WORK INSTRUCTIONS >> Copy out exactly the stretch below, from the line with "leveling-up-by-only-eating-chap-41-14" through the line with "50 Safety Officer", both included; the pictures stay out.

DATA FOR ANALYSIS >>
[Start of Attachment]
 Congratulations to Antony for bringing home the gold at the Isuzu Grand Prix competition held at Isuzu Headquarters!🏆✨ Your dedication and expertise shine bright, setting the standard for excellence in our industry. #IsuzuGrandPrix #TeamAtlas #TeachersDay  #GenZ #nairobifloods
[End of Attachment]
[Start of Attachment]
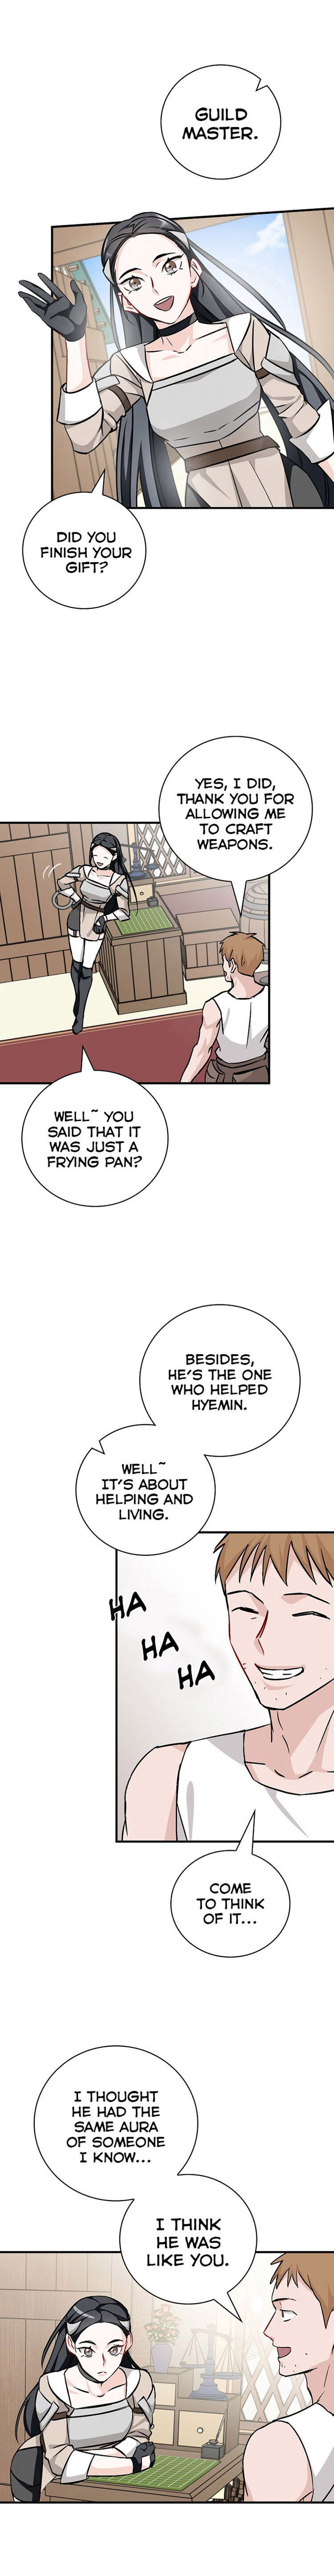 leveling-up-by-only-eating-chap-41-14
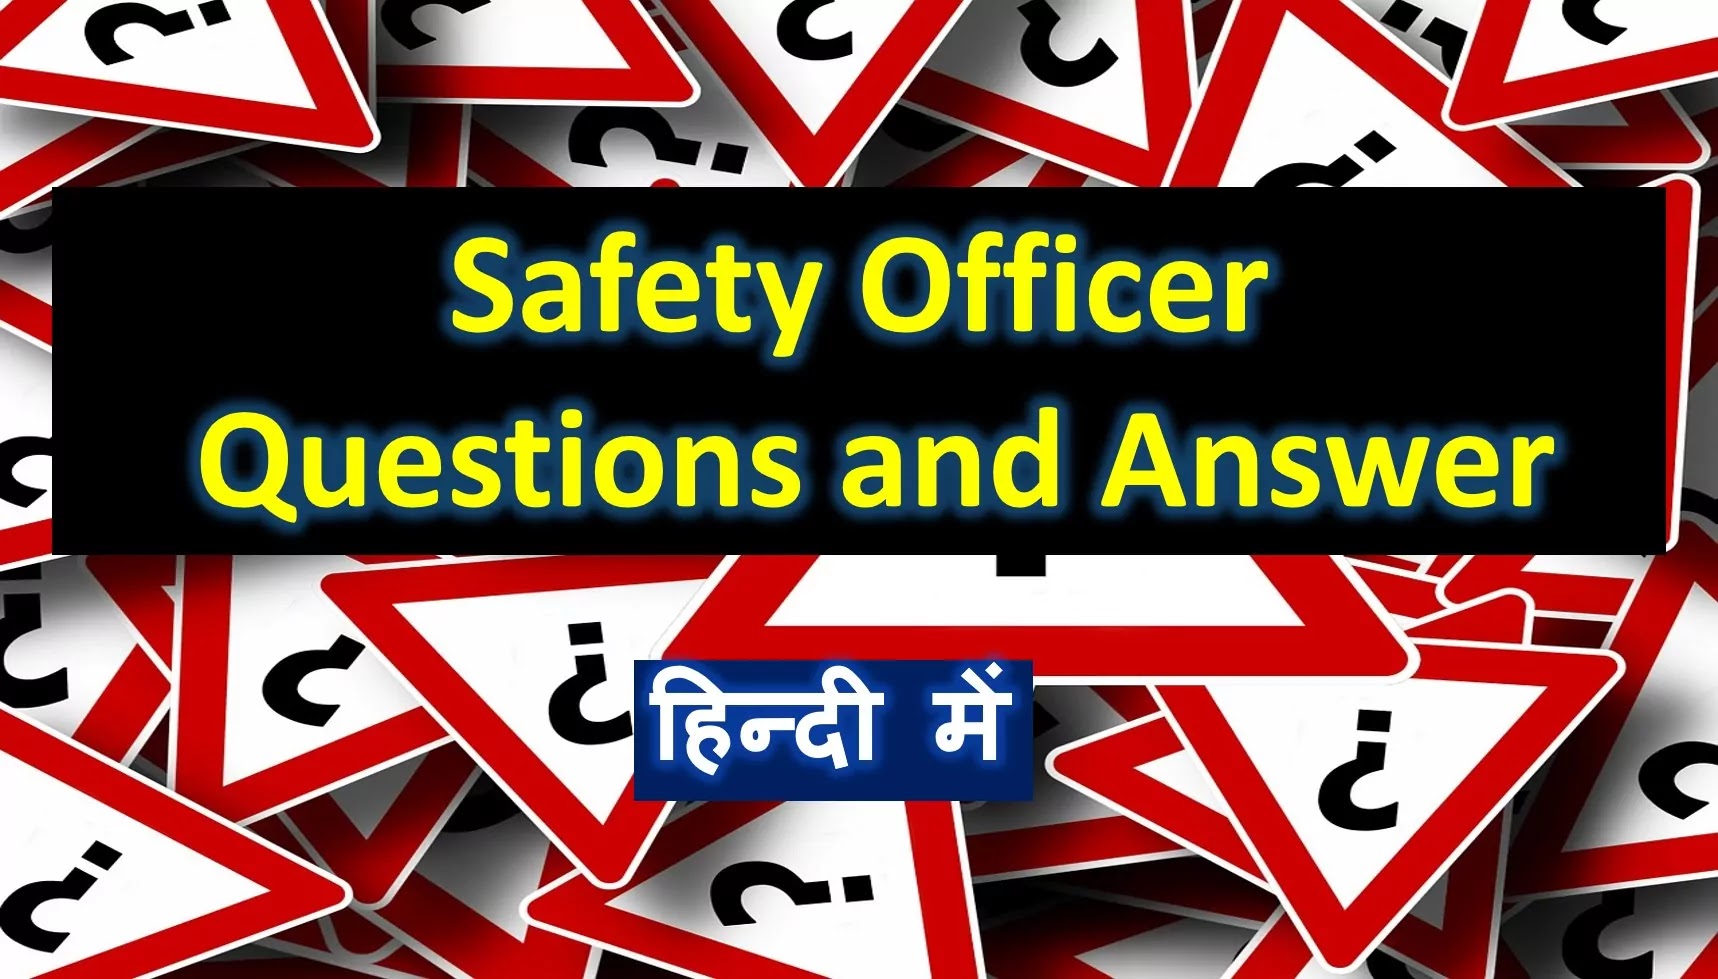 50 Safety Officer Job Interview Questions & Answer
[End of Attachment]
[Start of Attachment]
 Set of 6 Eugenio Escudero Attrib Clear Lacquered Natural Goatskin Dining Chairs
[End of Attachment]
ANSWER TO THE PROBLEM >>
 leveling-up-by-only-eating-chap-41-14
 50 Safety Officer Job Interview Questions & Answer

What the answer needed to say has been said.